Keep in mind, the wider/sticky tires will also beat on your drivetrain more. You might drop the DS or an axle if you go to agressive without the supporting mods.


----------



## svede1212 (Nov 1, 2005)

"what's the point"? I'm quite a bit beyond that with intake, TB, FAST 102, cam, heads and more and my widened 17"s (9") give me great traction with 285s on the street and sticky DRs make the quarter mile doable.


----------



## johni53 (Feb 10, 2010)

svede1212 said:


> "what's the point"? I'm quite a bit beyond that with intake, TB, FAST 102, cam, heads and more and my widened 17"s (9") give me great traction with 285s on the street and sticky DRs make the quarter mile doable.

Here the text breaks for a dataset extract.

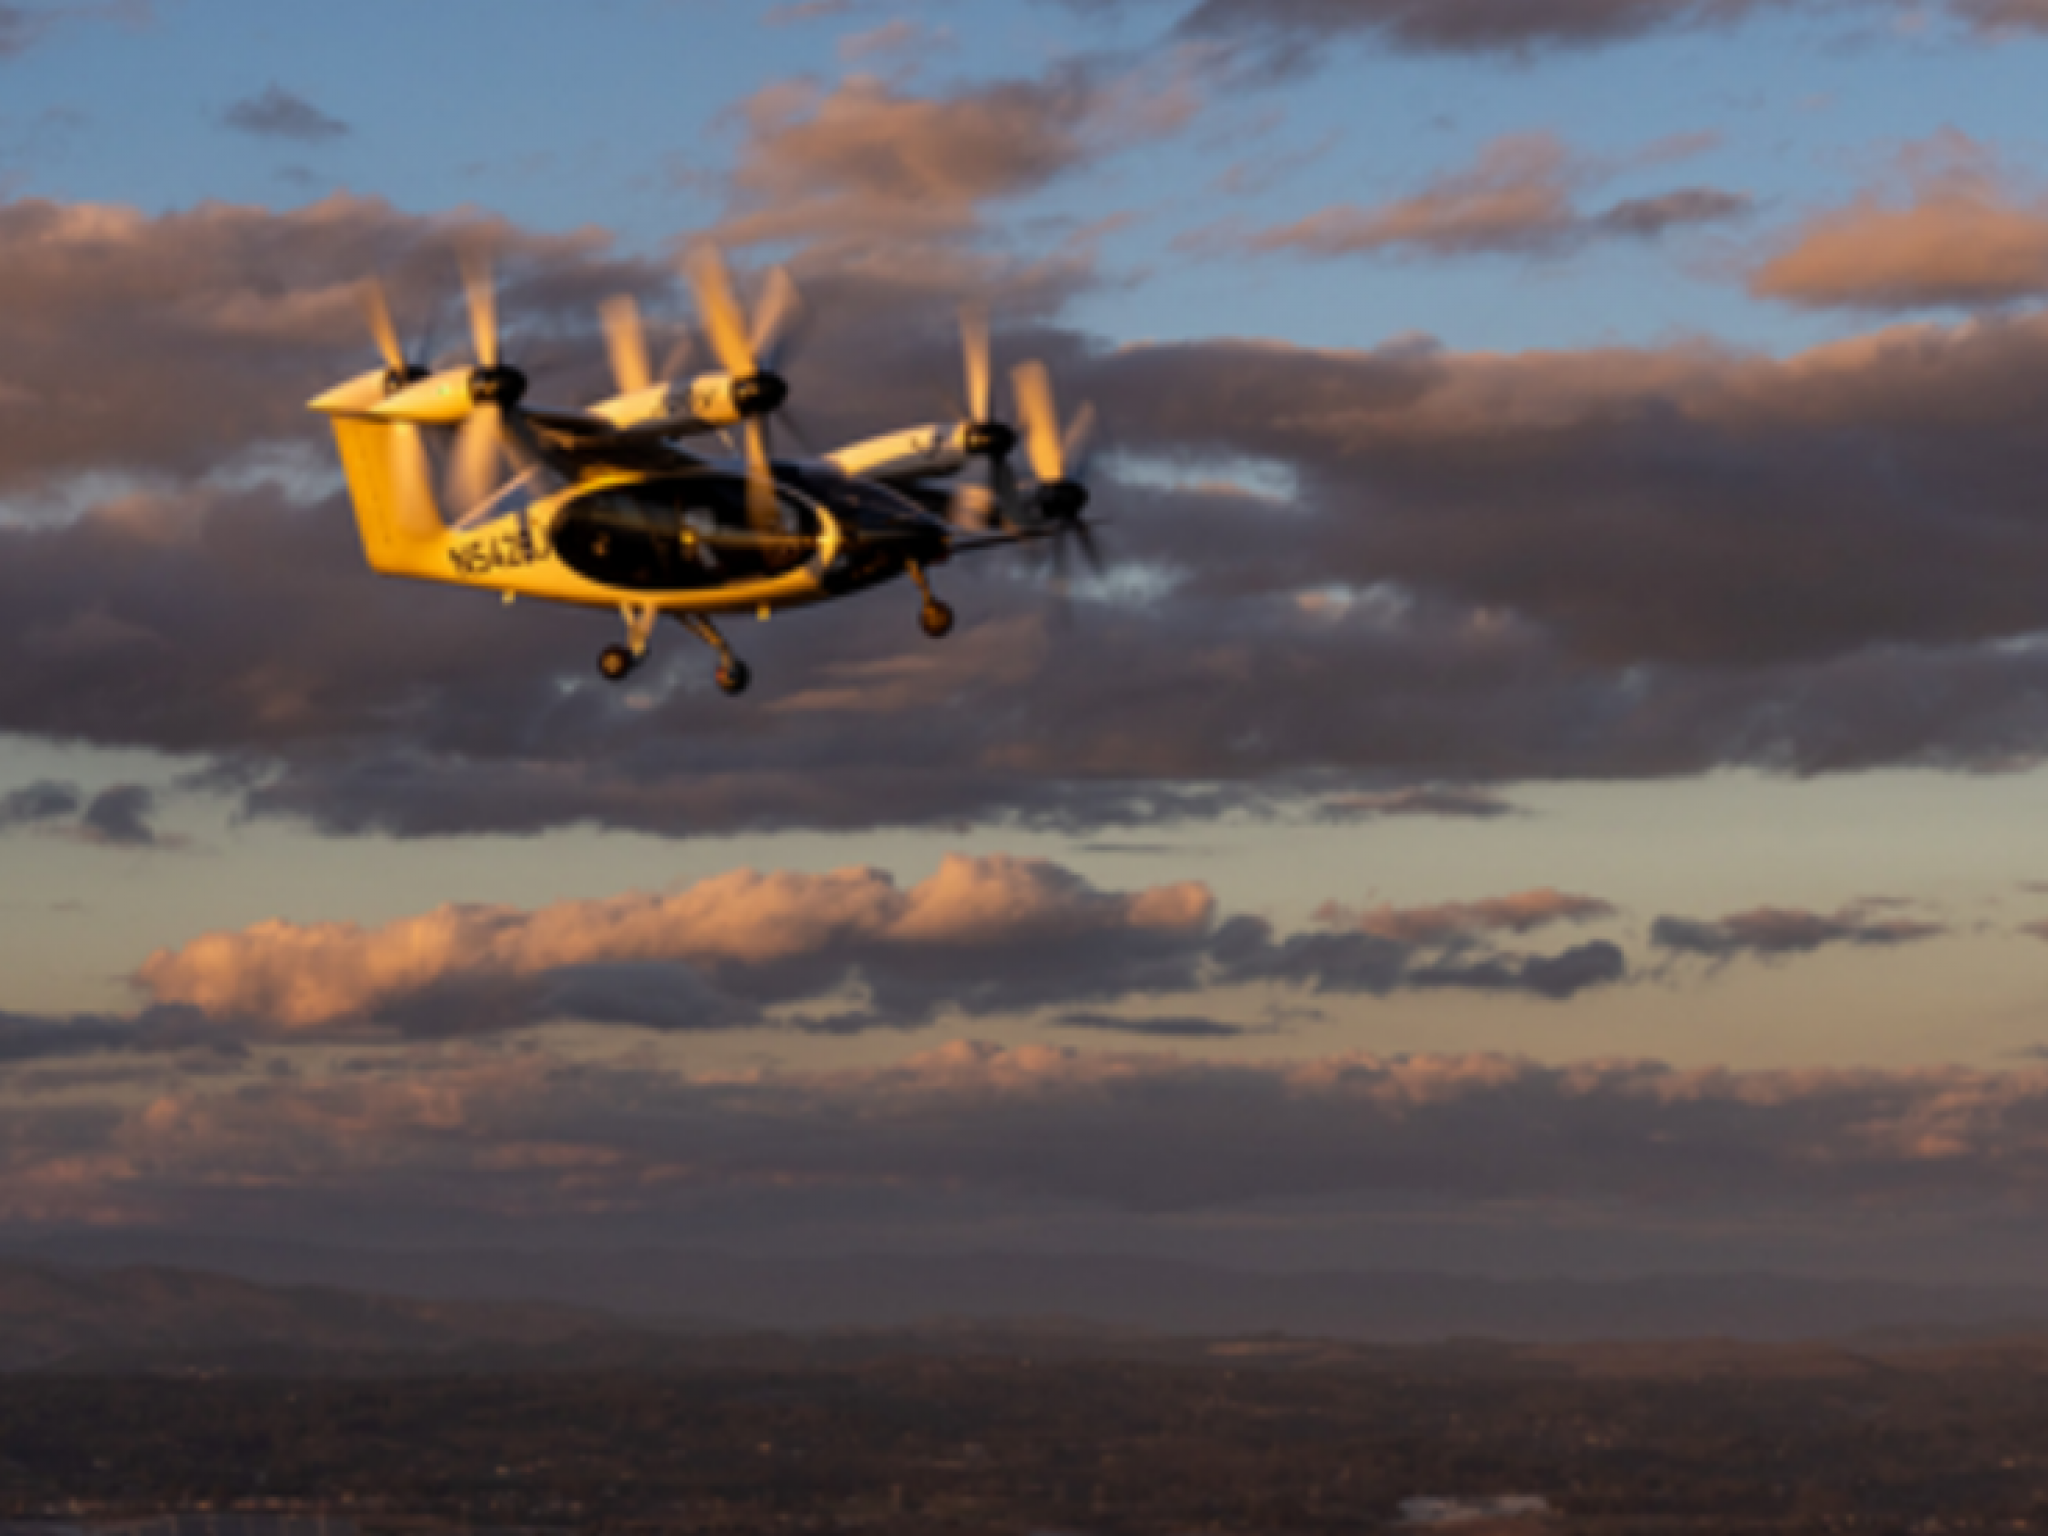  joby-aviation-opens-slightly-lower-after-faa-gives-nod-to-air-taxi-software

Ok, thanks, guys. You saved me $1200. I'll widen my wheels an inch and put the 285s on. Would that be 40s or 35s on those 285s to keep the same ride height?


----------



## svede1212 (Nov 1, 2005)

40s. You want to be around 26". Stock is high 25.X"


----------



## C'VilleGTO (Sep 10, 2010)

I am installing some new suspension parts and wondering how much lower my car is from new/stock. I am stock at the moment but with 96k on her. I have looked for a while for the ride height of our cars when they are set up with 18" rims, does anyone have this measurement?


----------



## svede1212 (Nov 1, 2005)

Park on level ground. Measure from the center of the wheel hub to the fender arch. Stock it's roughly 360mm (14¼") front, 370mm (14½") rear.


----------



## C'VilleGTO (Sep 10, 2010)

Thanks, i am installing a strut rub kit this weekend. Next on the list will be springs & struts based on ride height.


----------